Thanks to Einstein we know that mass is directly related to the speed of light and therefore any increase in the speed of light requires an inverse-squared amount of mass reduction to balance the energy equation (since energy cannot be created nor destroyed). I'm down with that. With less mass gravity then becomes magnitudes of exponentiality weaker and everything falls apart.
So we can be pretty certain that light's speed hasn't changed, not over the long term, not even as a "blip". I don't think anyone can argue with this, certainly not me.
But that leaves us with the problem of a universe which has expanded more than twice the amount it should have been able to. The best attempt at an explanation I've had so far have revolved around violation of the Theory of Relativity: "The light's kind of surfing along with the expansion, so moving at its own speed plus that of the expanding time-space."
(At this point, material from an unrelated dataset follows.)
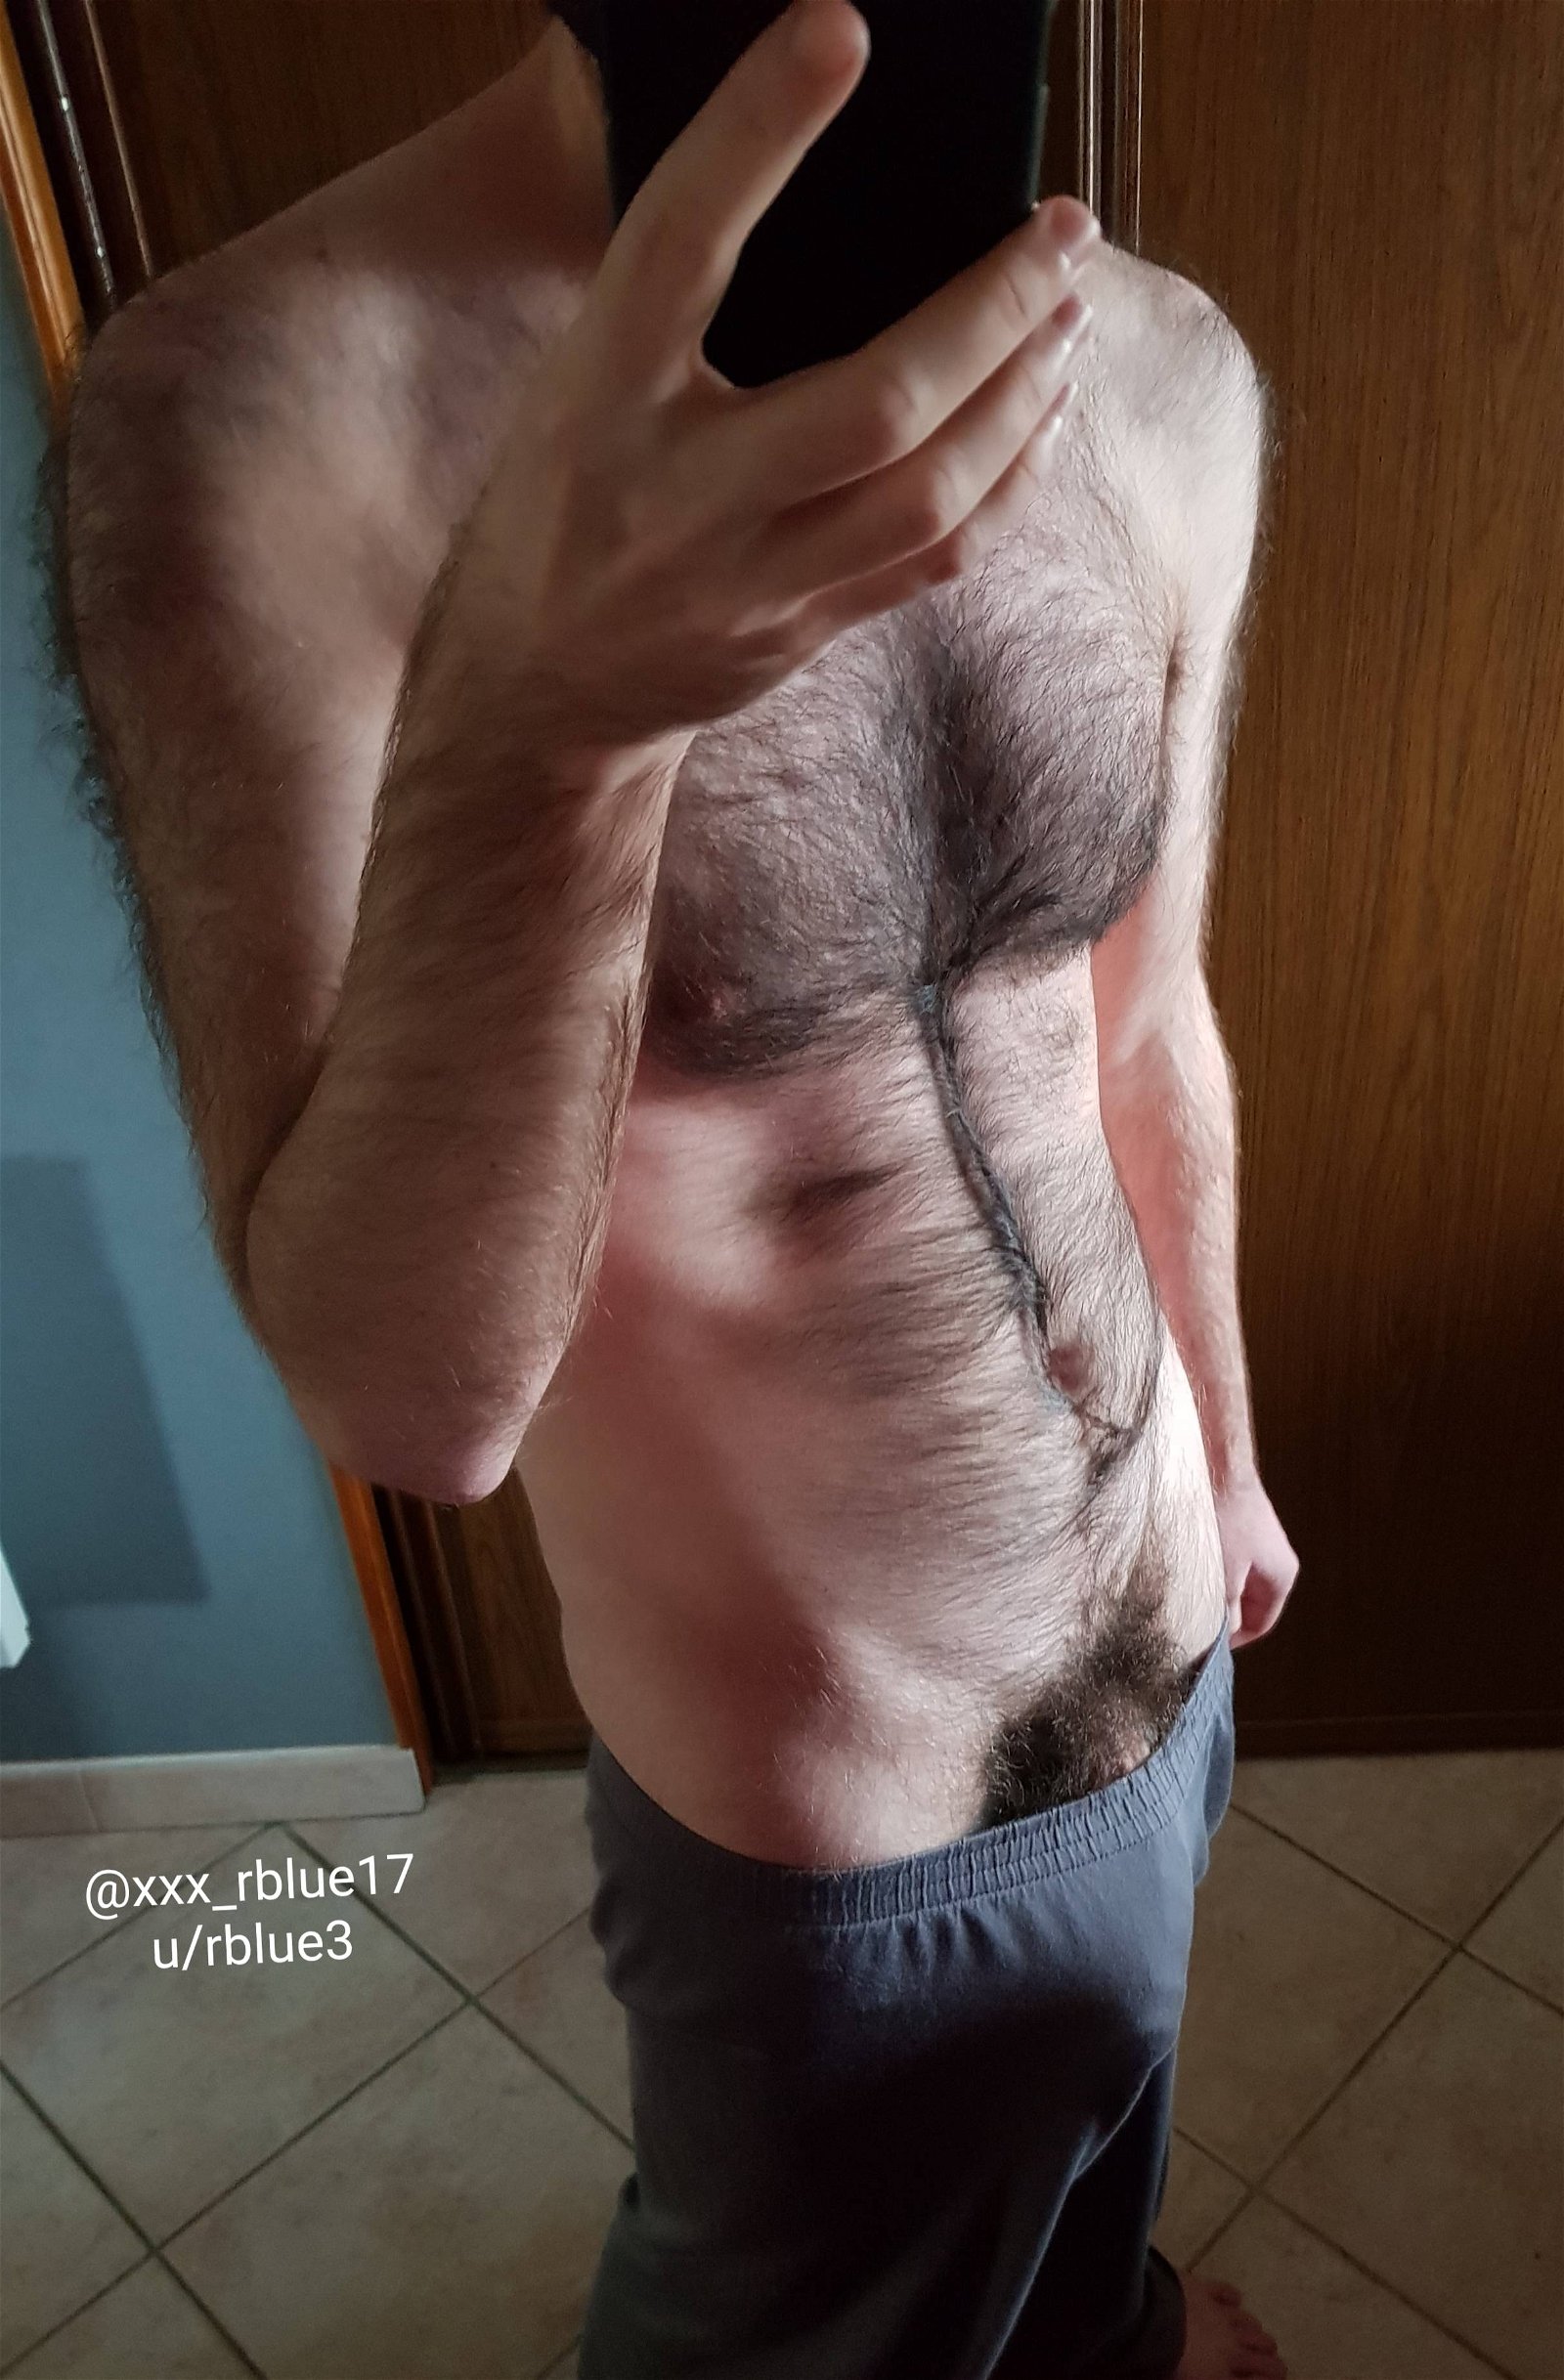 Photo by rblue with the username @rblue17, posted on December 21, 2019. The post is about the topic GayExTumblr and the text says 'Please look at my hairy body 😇 https://i.imgur.com/dnMFxY3.jpg'

BZZT! Fail. If I'm traveling in a spaceship at 0.9999999999c (ignoring the fact that the gravity would crush me to near-singularity), if I switch on a flashlight, relative to an observer the light's moving away from that observer at a speed only 0.000000000001% faster than I am. My spacecraft's speed isn't added to the light. Taking that further, if I could manage to exceed the speed of light by 4ft/sec (walking speed) and I flipped on the headlights, I couldn't notice any change in front of me nor could I even see the trail of light behind me since it'll never catch up to me.
Light's speed in a vacuum is the ultimate speed limit and it can't be changed. Since nothing can move faster than it how can the universe have expanded to its current dimensions?